Exploration of non-coding RNA in complex microbial communities with machine learning

Detalhes bibliográficos
Ano de defesa: 2024
Autor(a) principal: Santos, Anderson Paulo Avila
Orientador(a): Não Informado pela instituição
Banca de defesa: Não Informado pela instituição
Tipo de documento: Tese
Tipo de acesso: Acesso aberto
Idioma: eng
Instituição de defesa: Biblioteca Digitais de Teses e Dissertações da USP
Programa de Pós-Graduação: Não Informado pela instituição
Departamento: Não Informado pela instituição
País: Não Informado pela instituição
Palavras-chave em Português:
Link de acesso: https://www.teses.usp.br/teses/disponiveis/55/55134/tde-19082024-091042/
Resumo: With the rise of high-throughput technologies, a new era in the analysis of complex biological systems has been ushered in, employing advanced machine learning techniques to unravel the intricate interactions within systems biology.
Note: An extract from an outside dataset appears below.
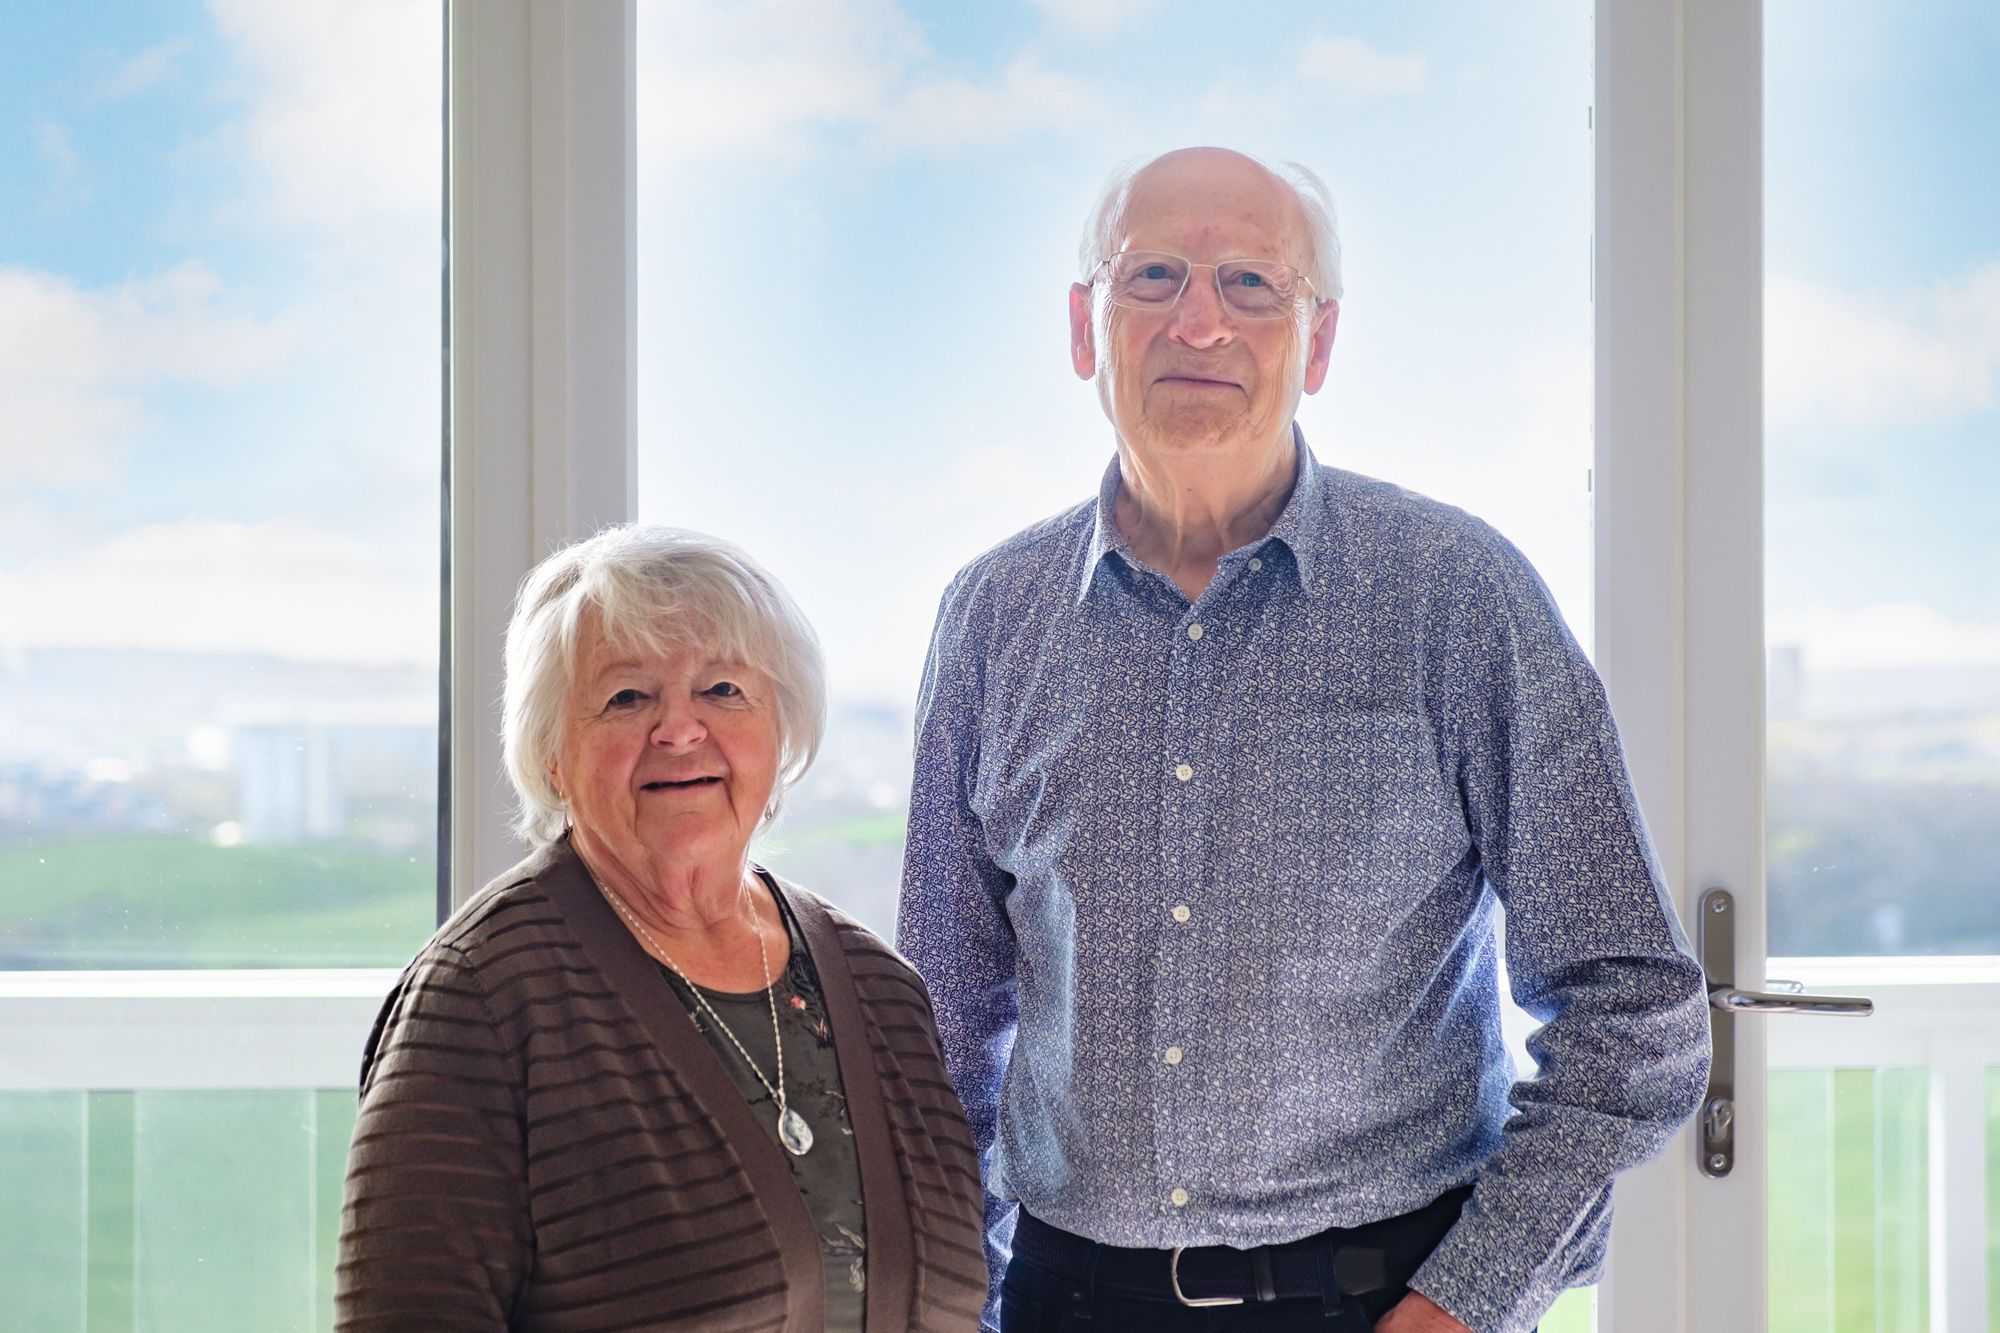 Portrait of elderly Montagu Court residents Roger and Angela

This research focuses specifically on the analysis of metagenomic data and the classification of non-coding RNA (ncRNA), crucial elements for understanding regulatory mechanisms in various biological processes. Two specialized metadata databases, MarineMetagenomeDB and AnimalAssociatedMetagenomeDB, have been developed to enhance research in microbial biogeography and microbial functions associated with animals, addressing the challenges often encountered due to poorly annotated metadata in public repositories. These platforms facilitate the identification and utilization of metagenomic datasets more effectively and accurately. A central aspect of the study is the implementation of BioDeepFuse, an innovation in the field of machine learning that integrates deep learning techniques and feature extraction to enhance the classification of ncRNA sequences. This method has shown significant improvements in the accuracy of ncRNA classification, validated against benchmark datasets and real-world samples, reinforcing its utility in practical applications. The research also emphasizes the importance of integrative approaches to multi-omics analyses, combining extensive datasets with sophisticated machine learning techniques. This approach allows for a deeper understanding of complex microbial communities and promotes the adoption of practices that ensure data accessibility and reusability, aligned with the FAIR principles. Finally, we have a web platform that offers access to a vast collection of predicted ncRNA sequences, facilitating the process of analyzing nucleic acid sequences. This tool helps overcome traditional barriers in computational research, promoting a more connected and inclusive research environment.